Problem — Look below for the line with "1354. Р. Н. Симонову 29 декабря 1955" and the line with "Roberto Cavalli Aulla"; repeat exactly those two lines and all lines between them, but no pictures.

Task data —
• • • • • • •

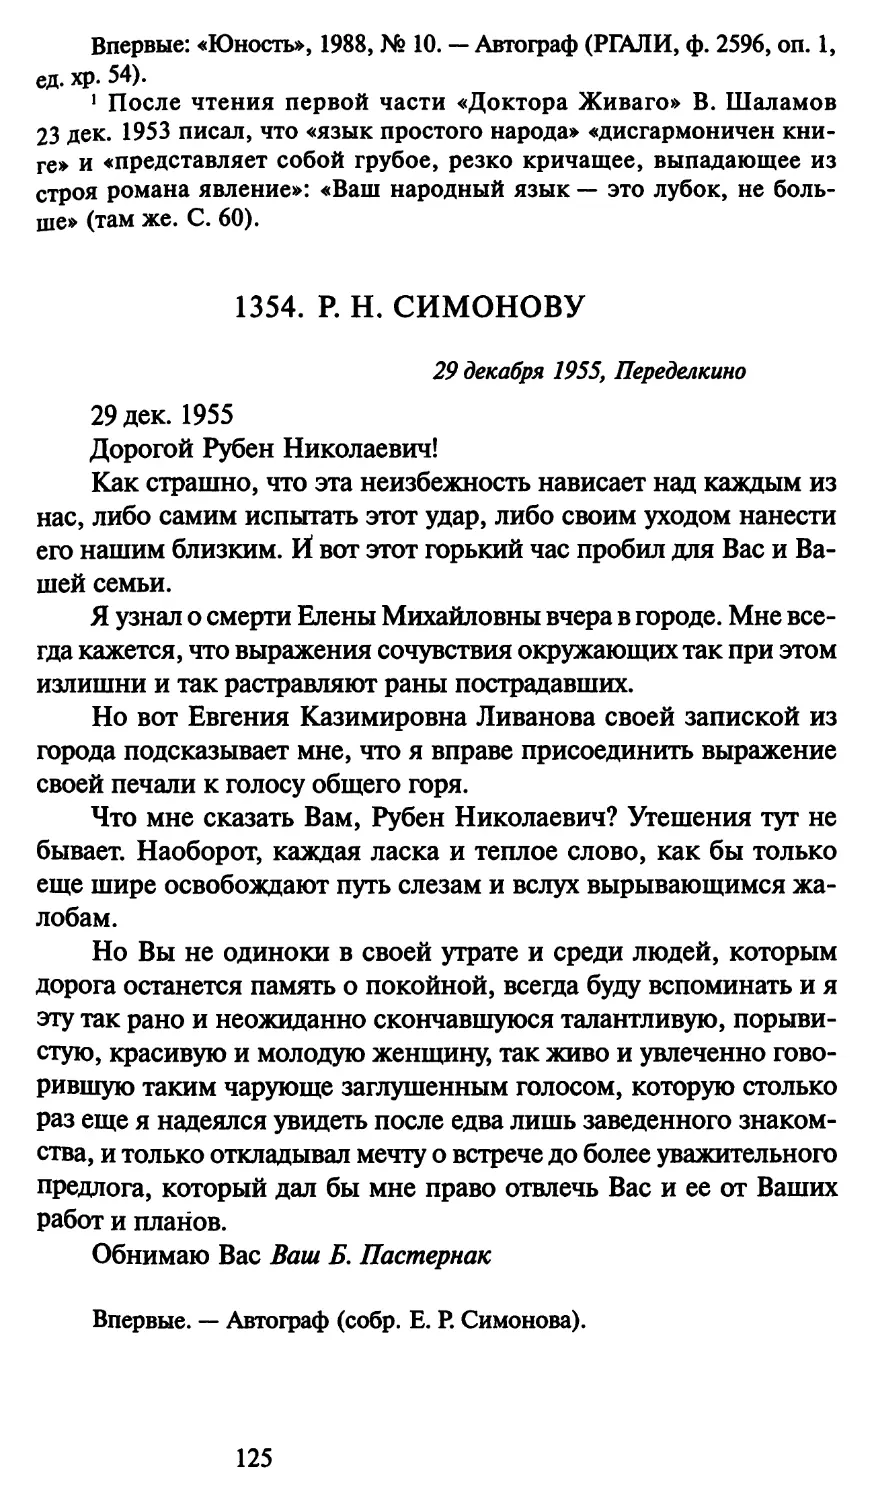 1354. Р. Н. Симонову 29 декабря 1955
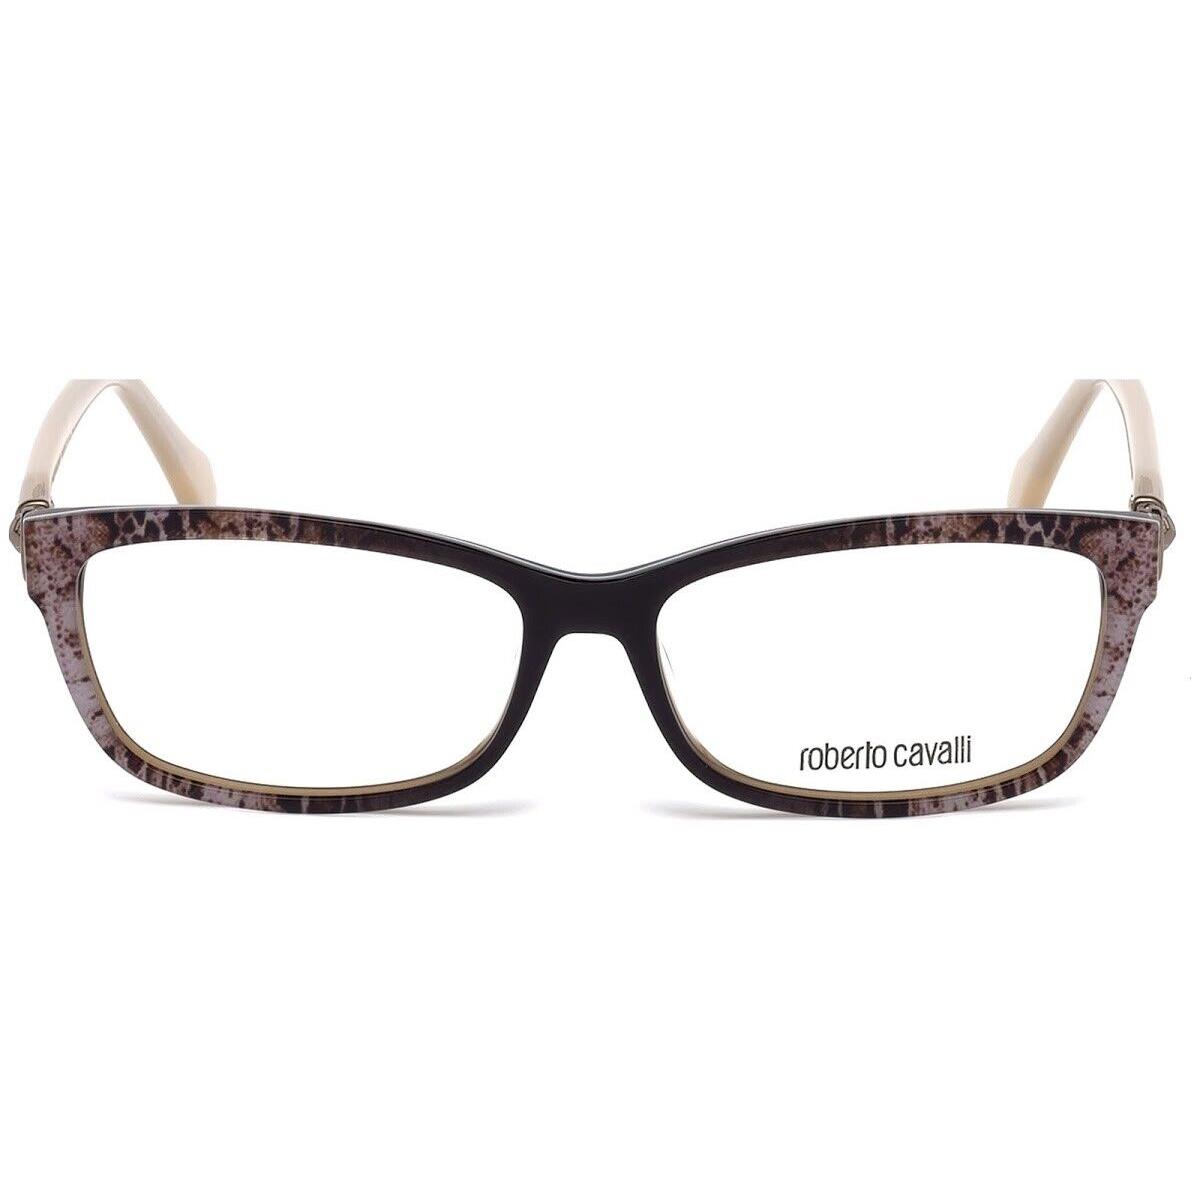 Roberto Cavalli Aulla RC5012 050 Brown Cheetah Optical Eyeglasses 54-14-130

• • • • • • •

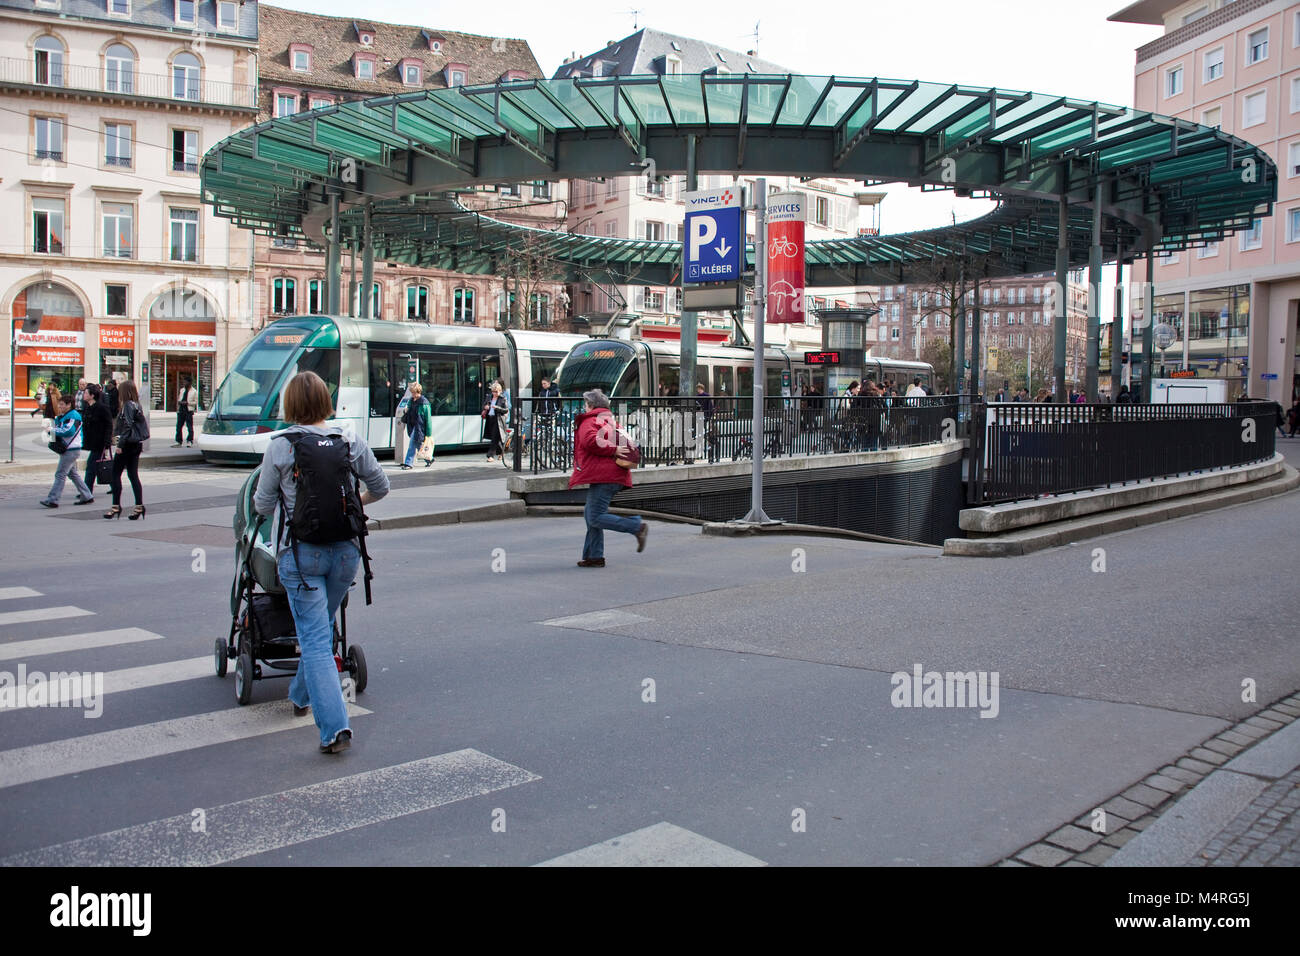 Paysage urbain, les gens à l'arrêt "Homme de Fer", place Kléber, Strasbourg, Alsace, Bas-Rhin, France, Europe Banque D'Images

• • • • • • •

Finished exercise —
 1354. Р. Н. Симонову 29 декабря 1955
 Roberto Cavalli Aulla RC5012 050 Brown Cheetah Optical Eyeglasses 54-14-130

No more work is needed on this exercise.